Wild Weasel I was born in November 1965: modified two-seat F-100F Super Sabres fitted with radar homing and warning receivers that could detect SAM radar emissions. The concept was simple and suicidal — fly toward the radar signal, provoke the site into shooting, and destroy it with bombs or the new AGM-45 Shrike anti-radiation missile, which homed on the SAM’s own radar beam.
First Kill
On 22 December 1965, Captains Allen Lamb (pilot) and Jack Donovan (electronic warfare officer) scored the first Wild Weasel SAM kill northwest of Hanoi. The tactic worked: fly at the radar, force it to track you, fire the Shrike, and break hard before the SAM launches. The margin for error was measured in seconds.

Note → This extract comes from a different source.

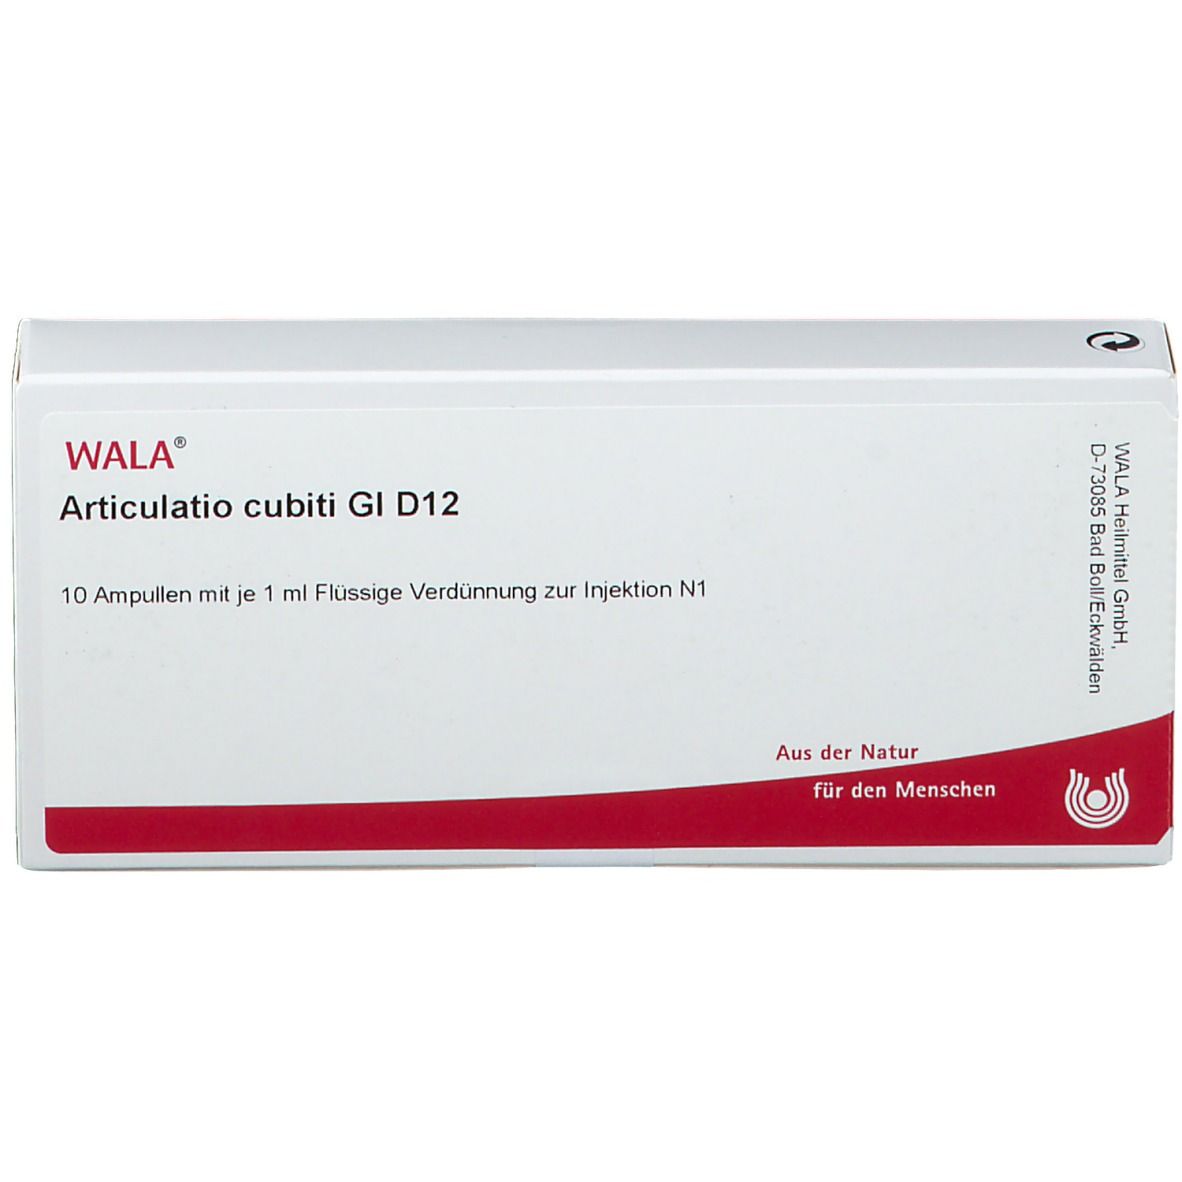 WALA® Articulatio cubiti Gl D 12

By 1966, the programme had moved to the Republic F-105F Thunderchief — a two-seat variant of the fast, heavy fighter-bomber that bore the brunt of Rolling Thunder. The “Thud” was faster than the F-100 and could carry both Shrikes and conventional bombs, allowing Weasel crews to suppress a SAM site and then bomb it on the same pass. The F-105G followed with improved electronic warfare systems.
First In, Last Out
The Wild Weasels’ operational doctrine — “First In, Last Out” — was exactly what it sounded like. Before any strike package entered defended airspace, the Weasels went in first to find and suppress the SAM sites. While the bombers hit their targets, the Weasels orbited overhead, keeping the SAM operators busy. After the strikers egressed, the Weasels stayed behind to cover the withdrawal.
It was the most dangerous job in combat aviation. SAM sites shot back. Triple-A filled the sky at low altitude. And the Weasels had to fly predictable profiles — toward the threat — while every other aircraft in the formation was flying away from it. The crews who volunteered for Wild Weasel duty knew exactly what they were signing up for. Donovan’s four-letter reaction was not bravado. It was an accurate assessment.
“You want me to fly in the back of a tiny little jet with a crazy fighter pilot who thinks he’s invincible, home in on a SAM site in North Vietnam, and shoot it before it shoots me? You gotta be shittin’ me!”
Capt. Jack Donovan — First Wild Weasel EWO to score a SAM kill, December 1965
The Wild Weasel mission continues today. The F-16CJ carries the HARM targeting system and AGM-88 HARM missiles. The EA-37B Compass Call provides standoff electronic attack. But the fundamental job — fly at the thing that’s trying to kill you — has not changed since Lamb and Donovan proved it could be done over Hanoi in December 1965.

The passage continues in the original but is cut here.